Spiridon Melikyan's most significant contribution to Armenian music has been his publication of various compendiums of folk music, including «Շիրակի երգեր» (Songs of Shirak), collected with Anoushavan Ter-Ghevondyan in 1914, pub. 1917;. «Հայ ժողովրդական երգեր և պարեր» (Armenian folk songs and dances), two vols, pub. 1949–1952; «Վանա ժողովրդական երգեր» (Folk songs of Van), two vols, pub. 1927–1928, collected by his student G. Gardashyan; «Ազգագրական ժողովածու» (Ethnographic collection), pub. 1931, collected by Komitas.
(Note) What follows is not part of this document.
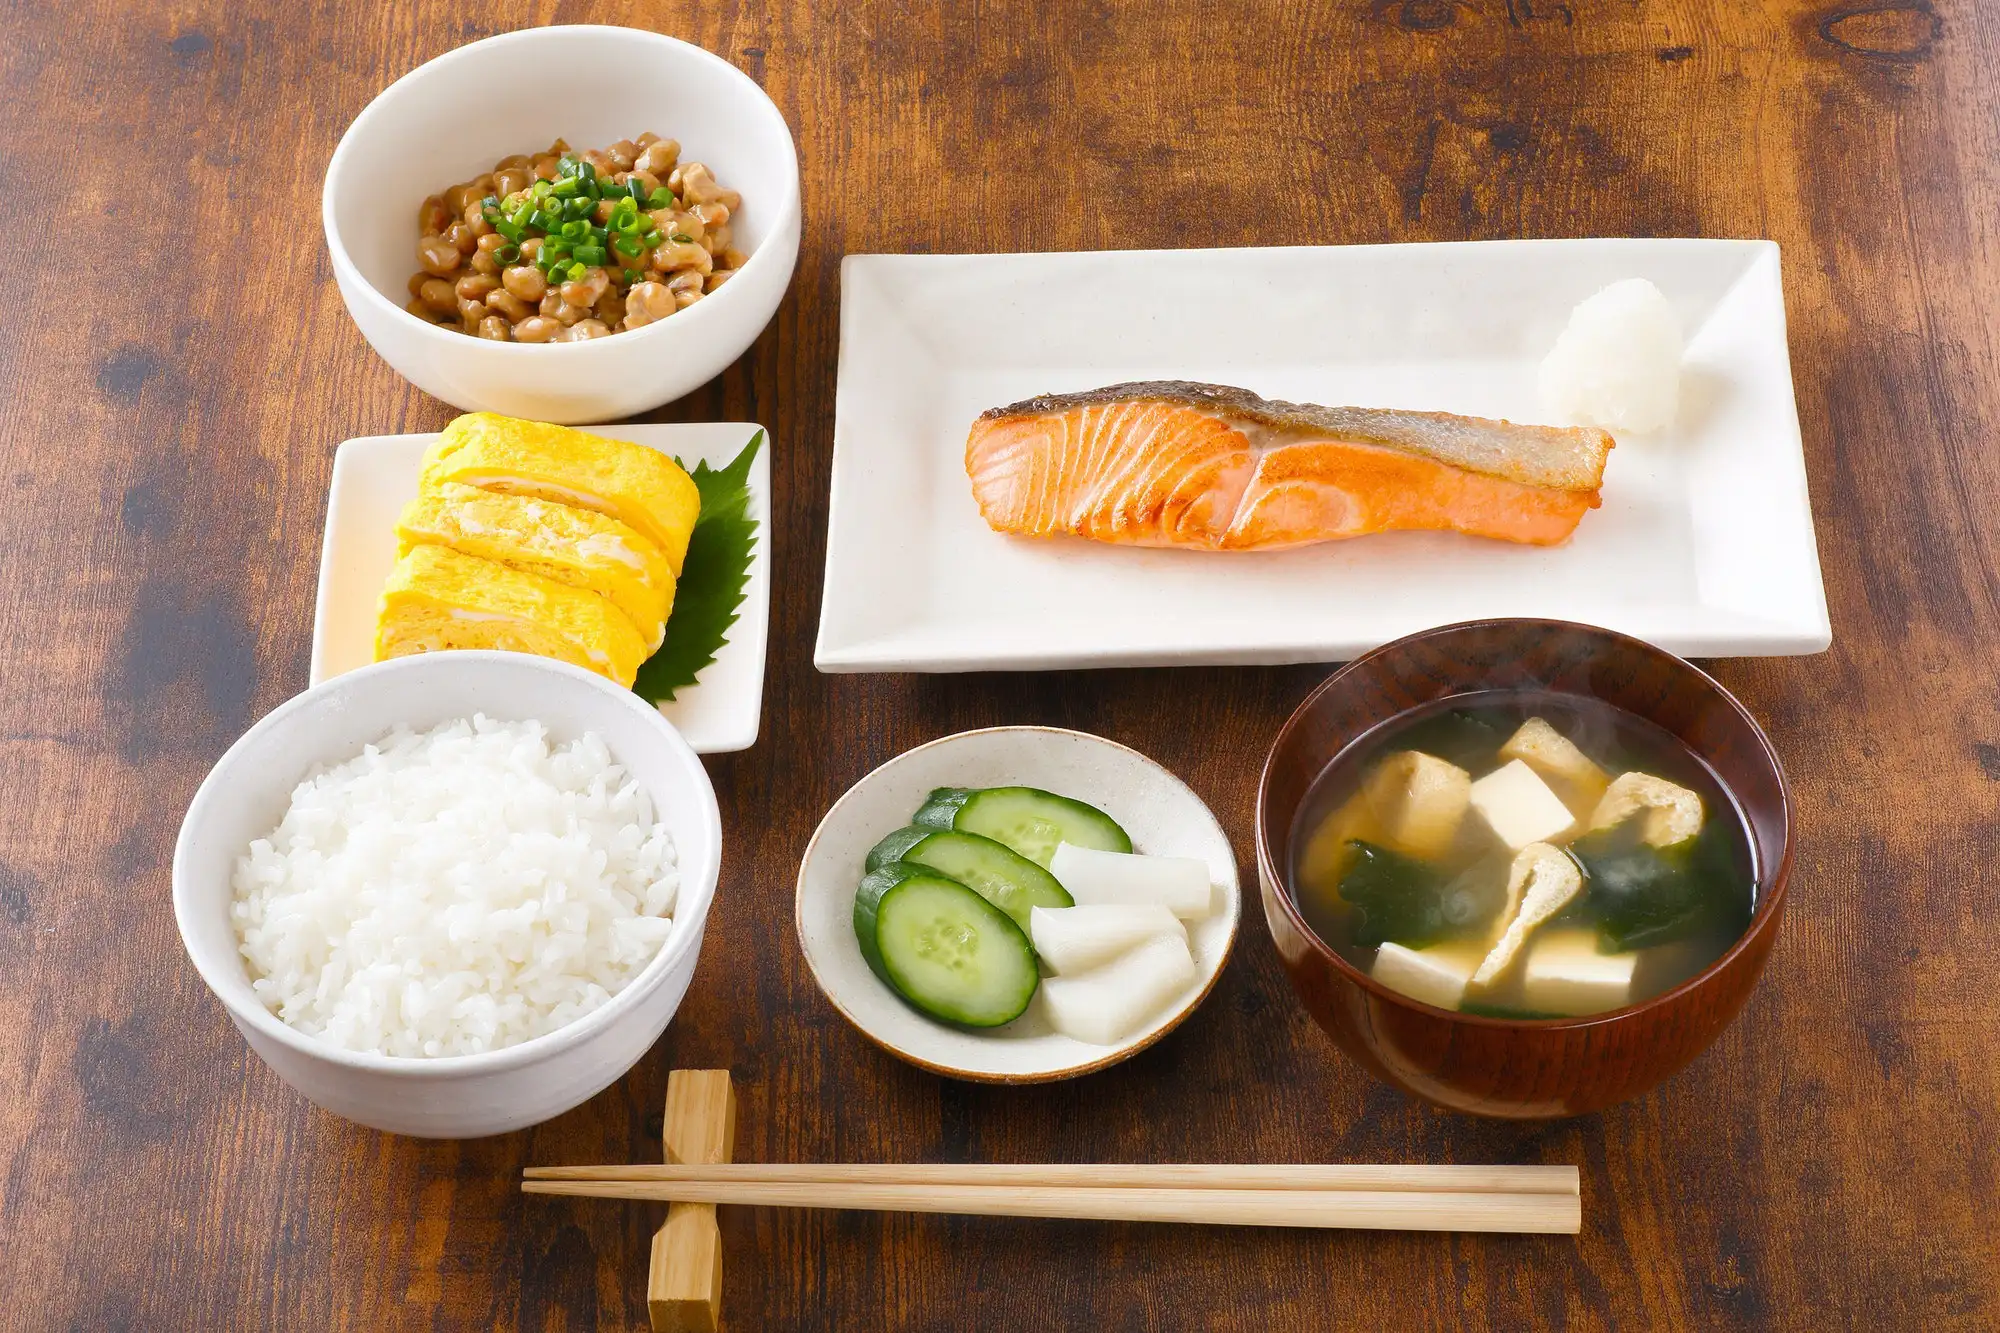 A Traditional Japanese Breakfast Is the Source of Energy for the Japanese!  Enjoy a Classic Japanese Menu of Rice Served in an Earthenware Pot, Miso  Soup, Grilled Fish, and Tamagoyaki! - Food

Melikyan's own compositions include «Ախթամար» (Akhtamar), a ballad for orchestra and chorus, several arrangements of folk songs for solo voice and choir, some having a permanent place in the repertoire. Spiridon Melikian has also dabbled in several musicological studies, such as «Հունական ազդեցութիւնը հայ երաժշտության տեսականի վրայ» (The Influence of Greek on the Theory of Armenian Music), and «Հայ ժողովրդական երգի գամմաներ» (The Scales of Armenian Folk Songs). However, these texts contain errors and have methodological issues; they do not meet the scholarly standard.

Spiridon Melikyan was given the title of Honored Art Worker of Armenian SSR in 1933. Shortly thereafter, on 4 May 1933, he died of cancer. He is buried in the Komitas Pantheon in Yerevan.